Como observa Daniel Link, en junio los tilos en el hemisferio sur no tienen ni hojas ni aroma. Esos tilos introducen la literatura, la ficción, pero para contar mejor la realidad; la realidad subjetiva del clima que los tilos del texto representan de una calle sin aroma ni hojas de tilos. Acá se rompe la noción de correspondencia o adecuación de la definición aristotélica de “”verdad”. Las palabras cambiadas en la supervisión, el aroma imposible de los tilos corresponden con un real que tiene más que ver con la verdad de la experiencia que con la opaca permanencia de las cosas.

La paradoja propia de la ficción reside en que si recurre a lo falso, lo hace para aumentar su credibilidad, pero también la veracidad. La ficción a veces debe mentir la verdad, inventarla. Porque como sabemos la verdad no está ni en las cosas ni en los hechos, sino en lo que se dice de ellos. Lo que Aristóteles llamaba proposiciones. Solo ellas son verdaderas o falsas de acuerdo a como se correspondan con lo que hay.

Pero la ficción, dice Saer, no solicita ser creída en tanto que verdad, sino en tanto que ficción. Es su condición de existencia. La ficción quiere ser tomada al pie de la letra, al margen de lo verificable. Cervantes, Flaubert y Kafka supieron hacerse dignos de crédito.

Se abre acá el tema de la supuesta verdad objetiva y los distintos géneros que pretenden representarla. En especial el realismo.

De algún modo habría un acuerdo entre nosotros en cuanto a ser realistas: la realidad existe, se la puede conocer y se la puede contar. Pero mi tema hoy es cómo se cuenta eso que existe y se conoce.

El realismo en el arte cree que se puede representar la realidad imitándola, fielmente, tal cual es. La novela burguesa del siglo XIX fue su máxima creación. Reaccionaba contra las emociones exageradas del romanticismo, sustituyéndolas por la búsqueda de la verdad y la precisión, y encontrando sus temas en la vida cotidiana y los conflictos propios de la revolución industrial y la sociedad de clases.

El realismo tiende a representar personajes y situaciones de la vida cotidiana de modo verosímil.

En Francia fueron escritores realistas Stendhal,  Balzac y  Flaubert. En Inglaterra Dickens. En Rusia Tolstoi y Dostoievski. En Estados Unidos, Mark Twain.
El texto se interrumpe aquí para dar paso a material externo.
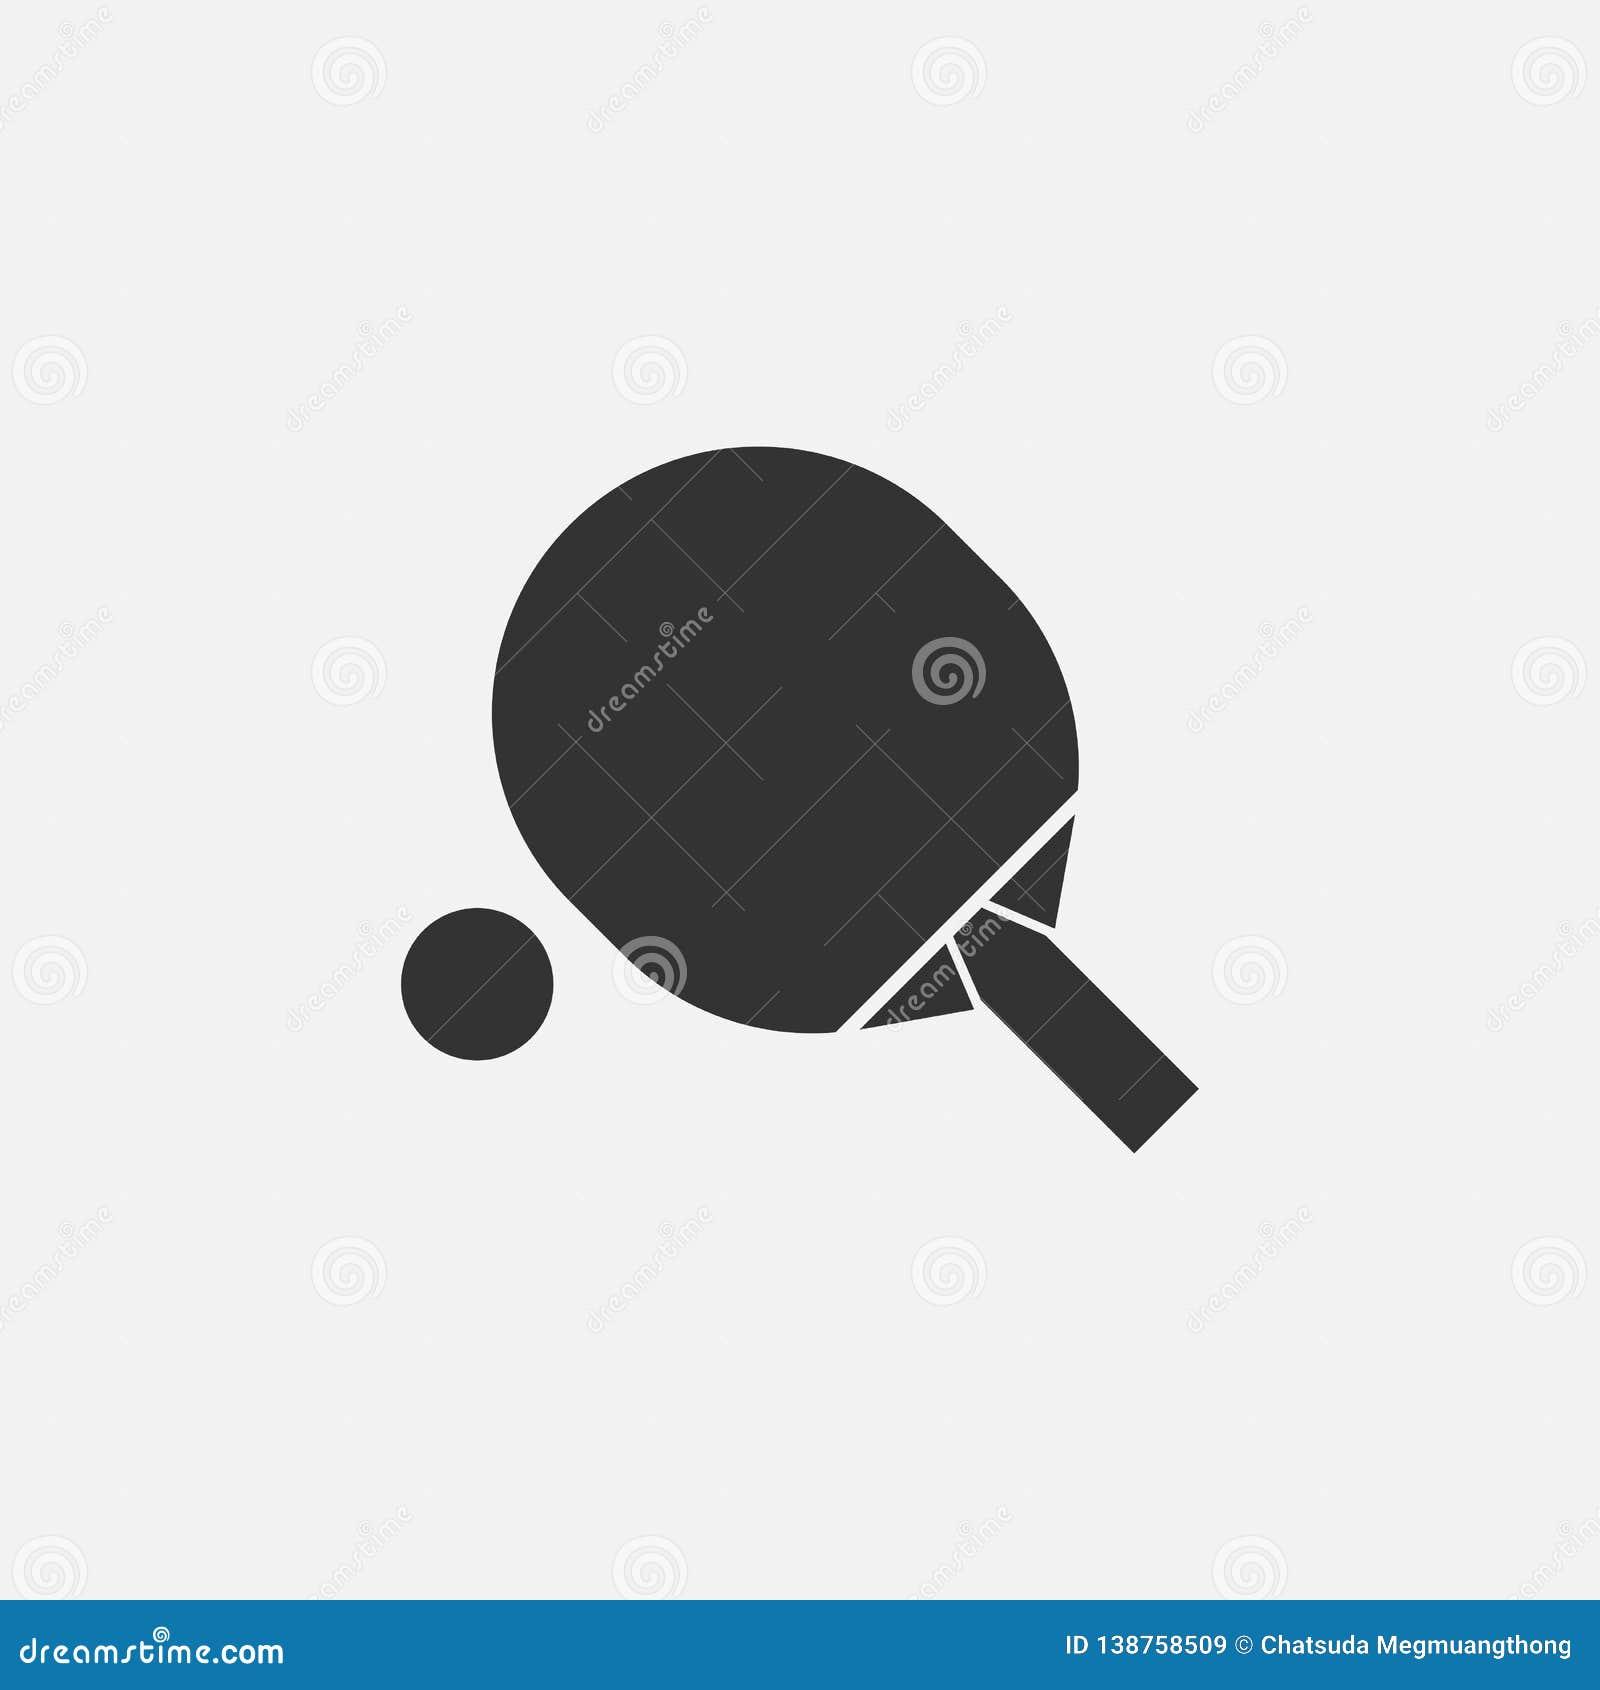 Εικονίδιο επιτραπέζιας αντισφαίρισης, αθλητισμός, αντισφαίριση, παιχνίδι
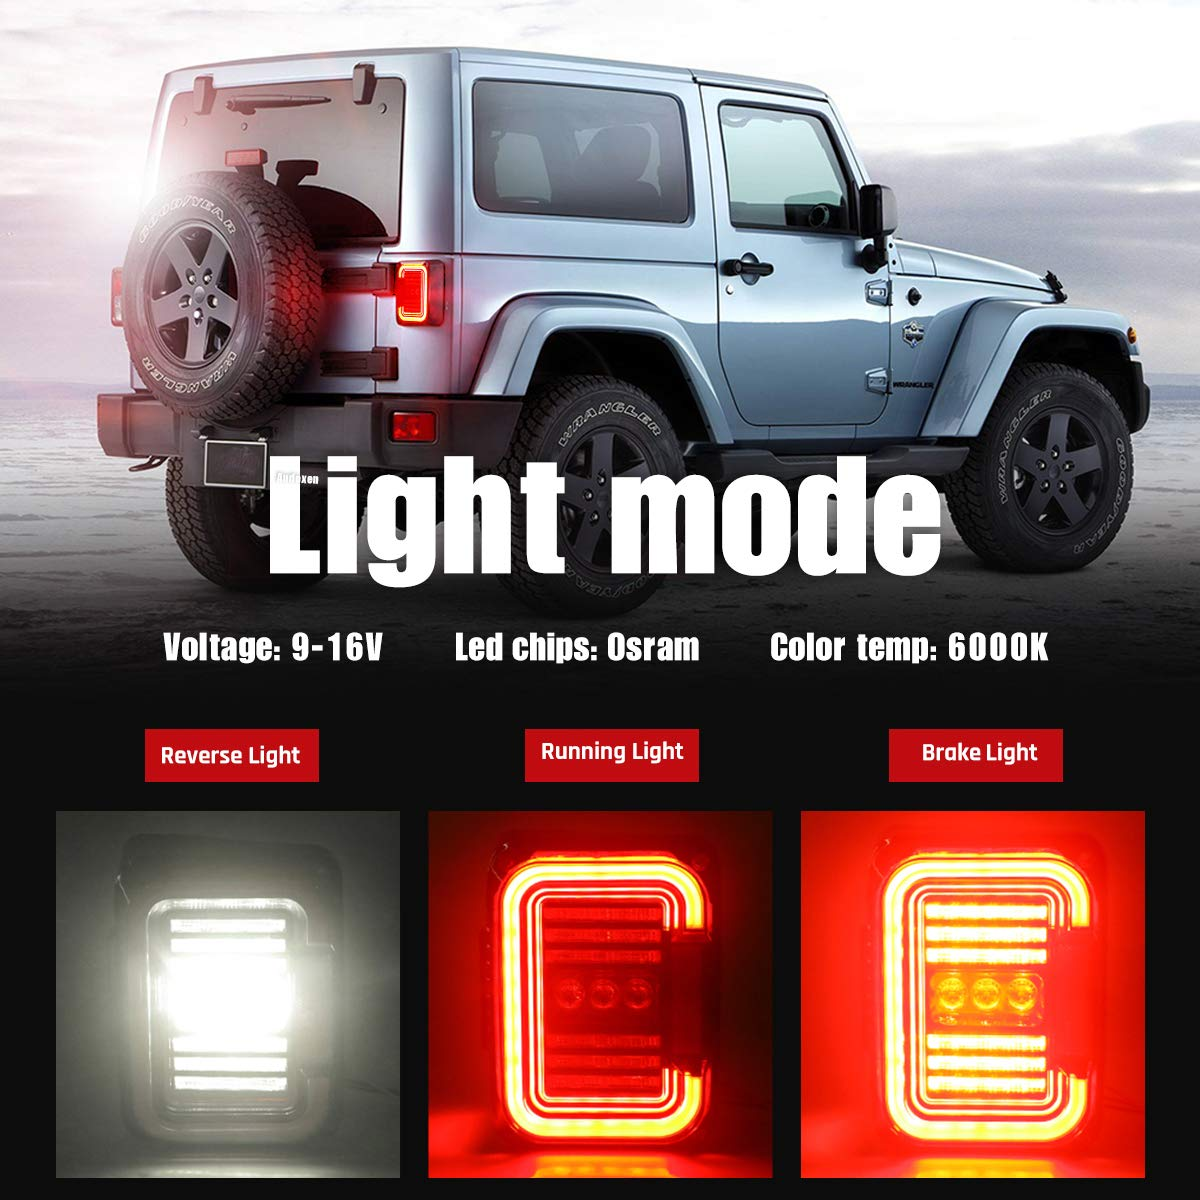 2 PCS Built-in EMC 20W Reverse Lights AUDEXEN LED Tail Lights for Jeep Wrangler JK JKU 2007-2018 UniqueC Shaped Design Clear Lens DOT Compliant

Balzac pensaba que iba a ofrecer al lector un panorama completo de la sociedad, quiero explicar mi siglo dijo. En La Comedia Humana se contendrían según su autor todos los tipos y todas las posiciones sociales, sin que una sola situación en la vida, una fisonomía, un carácter de hombre o mujer, una manera de vivir, una profesión, ni cualquier otra cosa referente a la infancia, a la vejez, o a la política, a la justicia y a la guerra haya sido olvidada.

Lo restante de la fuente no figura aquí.